サイド攻撃に関して言えば、一番のカギを握るのが左アウトサイドの西紀寛だろう。今の磐田は右の河村崇大がやや守備的、右の西が攻撃的になることでバランスを取っている。西のスピード、神出鬼没な動き、裏を取る駆け引きのうまさは日本代表のジーコ監督も高く評価している。こうした動きに加え、中央にピンポイントで合わせるクロスを入れることができれば、得点チャンスはグッと増える。もちろん河村も「積極的に攻めに絡みたい」と意気込んでいる。彼ら2人がどれだけ主導権を握れるかで試合展開も大きく変わってくるはずだ。

ダイレクトプレーに関しては、すでにチーム全体が高い意識を持っている。左DFの菊地直哉も「相手は細かいパスを回してくるから、あまり出すぎずにボールを奪って、その後を速くしたい。速いカウンターはかなり有効だと思う」と見る。

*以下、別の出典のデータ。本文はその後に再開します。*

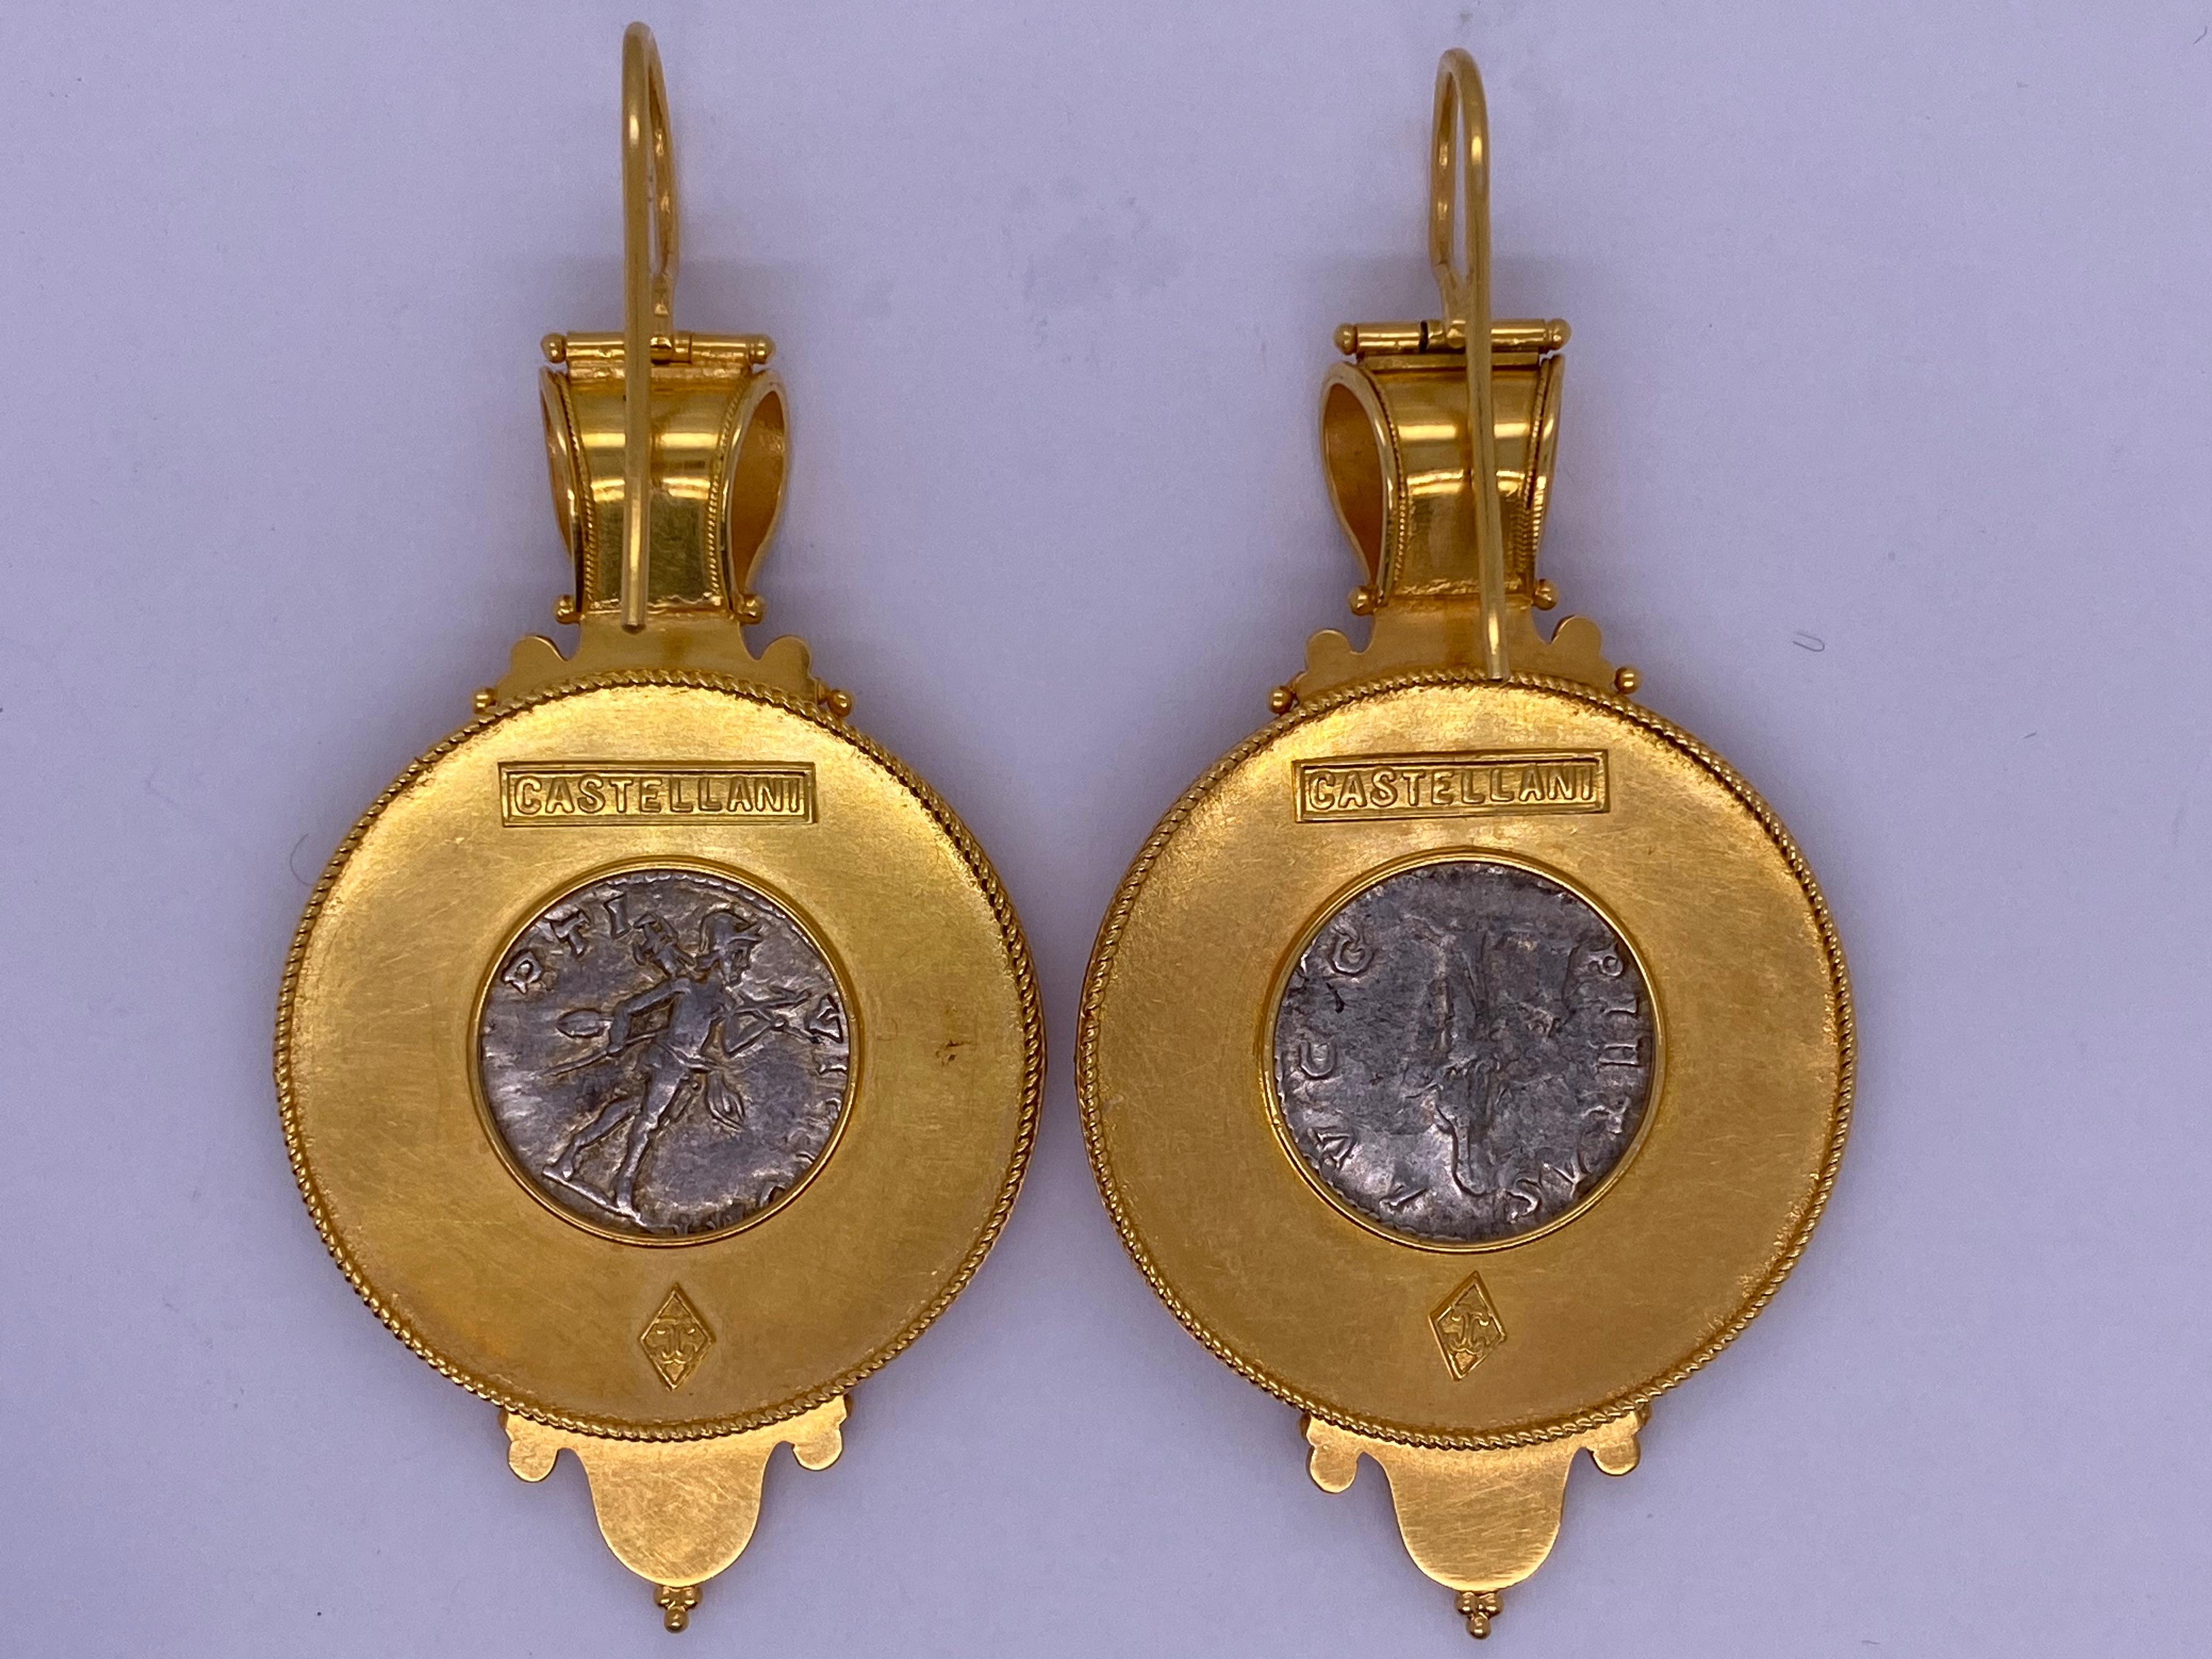 Castellani Ancient Silver Greek Coins circa 300BCE 15kt Gold Bulla Earrings  For Sale 3
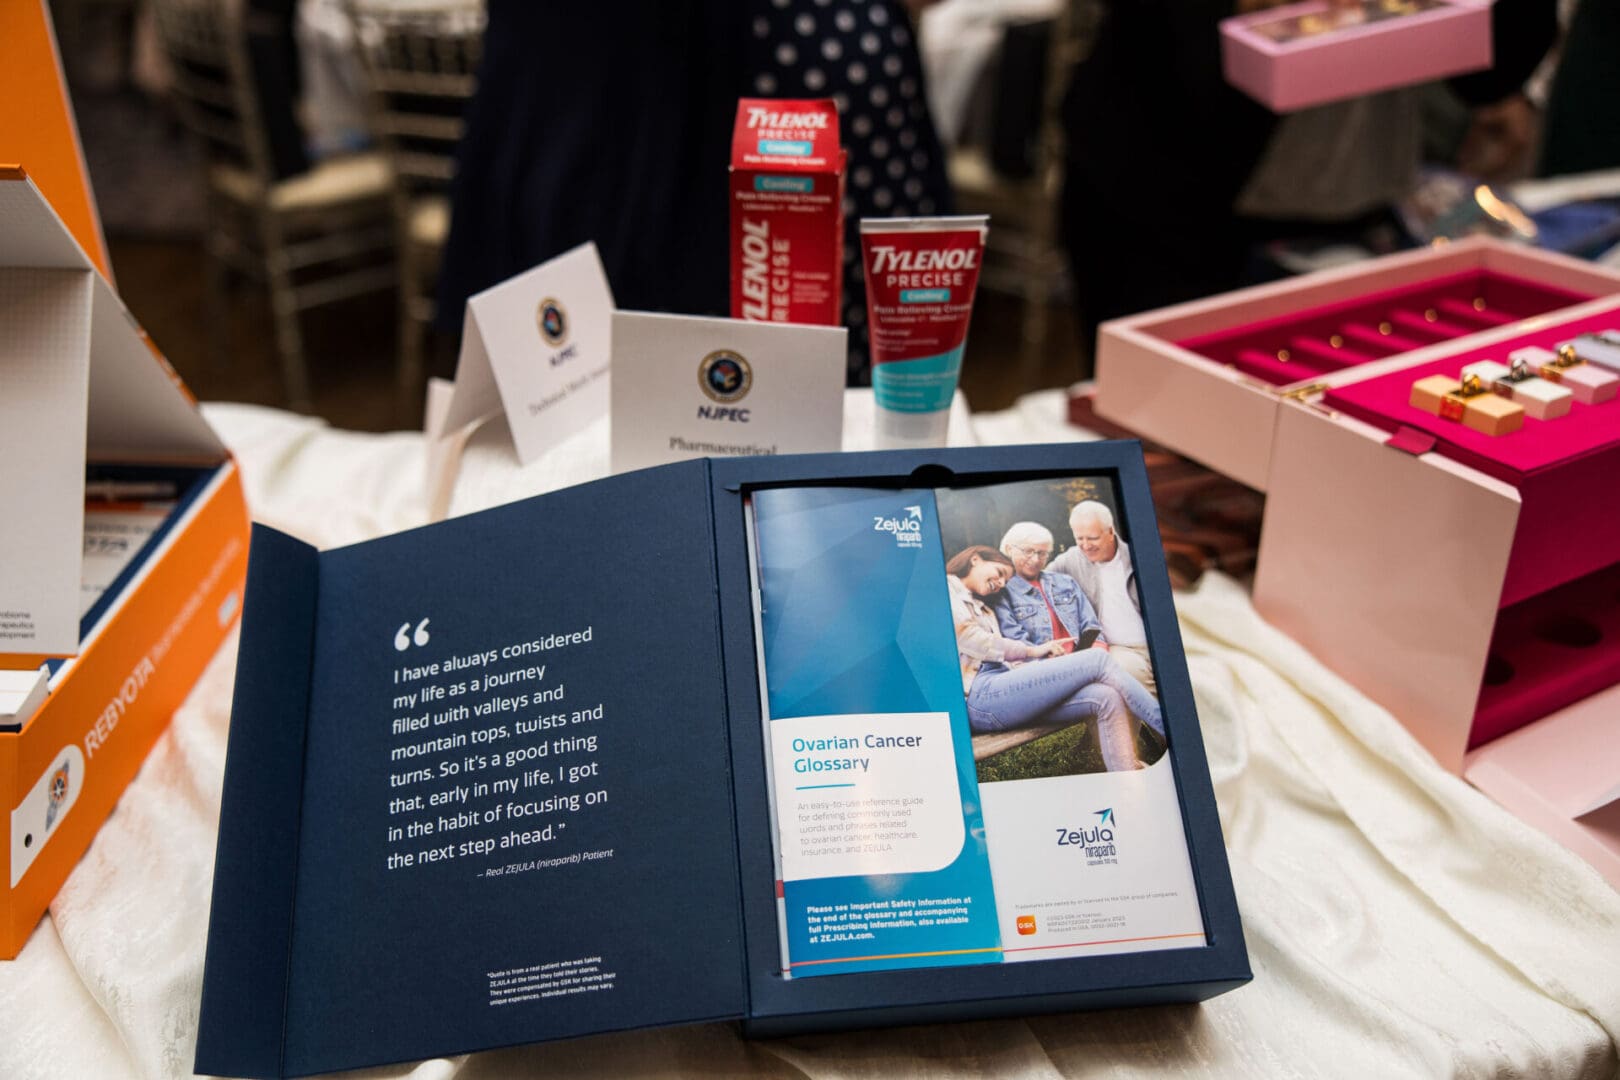 A box of products on a table at an event.

選手たちの前からプレスをかけようという共通意識も高い。リスタートを取りにいく強引さにしても同様だ。若い選手たちが多く、ショートパスをつなぐ東京ヴェルディ1969には、あえて相手のミスを誘うような戦い方が有効かもしれない。

新指揮官は今、こうしたディテールを1つ1つ積み重ねている。「天皇杯はアジアチャンピオンズリーグ、世界クラブ選手権の通過点」という認識をしっかりと持っているからだ。アテネ五輪でまざまざと「差」を突きつけられた世界に再チャレンジするには、国内タイトルを取り、アジアで勝ち続けるしかない。この野望を果たすために、山本監督はエースナンバー10をつける藤田俊哉を控えに回すという大胆な作戦も取ったほどだ。中山雅史、川口信男という3人の切り札を作っておけば、イザという時に困ることはない。実際、準決勝・浦和レッズ戦でも途中出場した藤田が試合の流れをガラリと変え、同点弾を叩き込んでいる。藤田本人が「先発で出たい」と主張しても、「自分の考えを貫く頑固さ」と「勝負への強い意欲」が、今の山本監督からは強く感じられる。

ある意味、明日の天皇杯決勝は、指揮官がここまで積み重ねたサッカー哲学の集大成になるゲームといえるだろう。「2004年はホント、激動の1年だった。このシーズンを何とかいい形で締めくくりたいね」と笑顔で話す山本監督は、再び世界への扉を開く勝利を手にできるのだろうか……。明日はチャレンジャー精神を前面に出す指揮官の采配に大いに注目したい。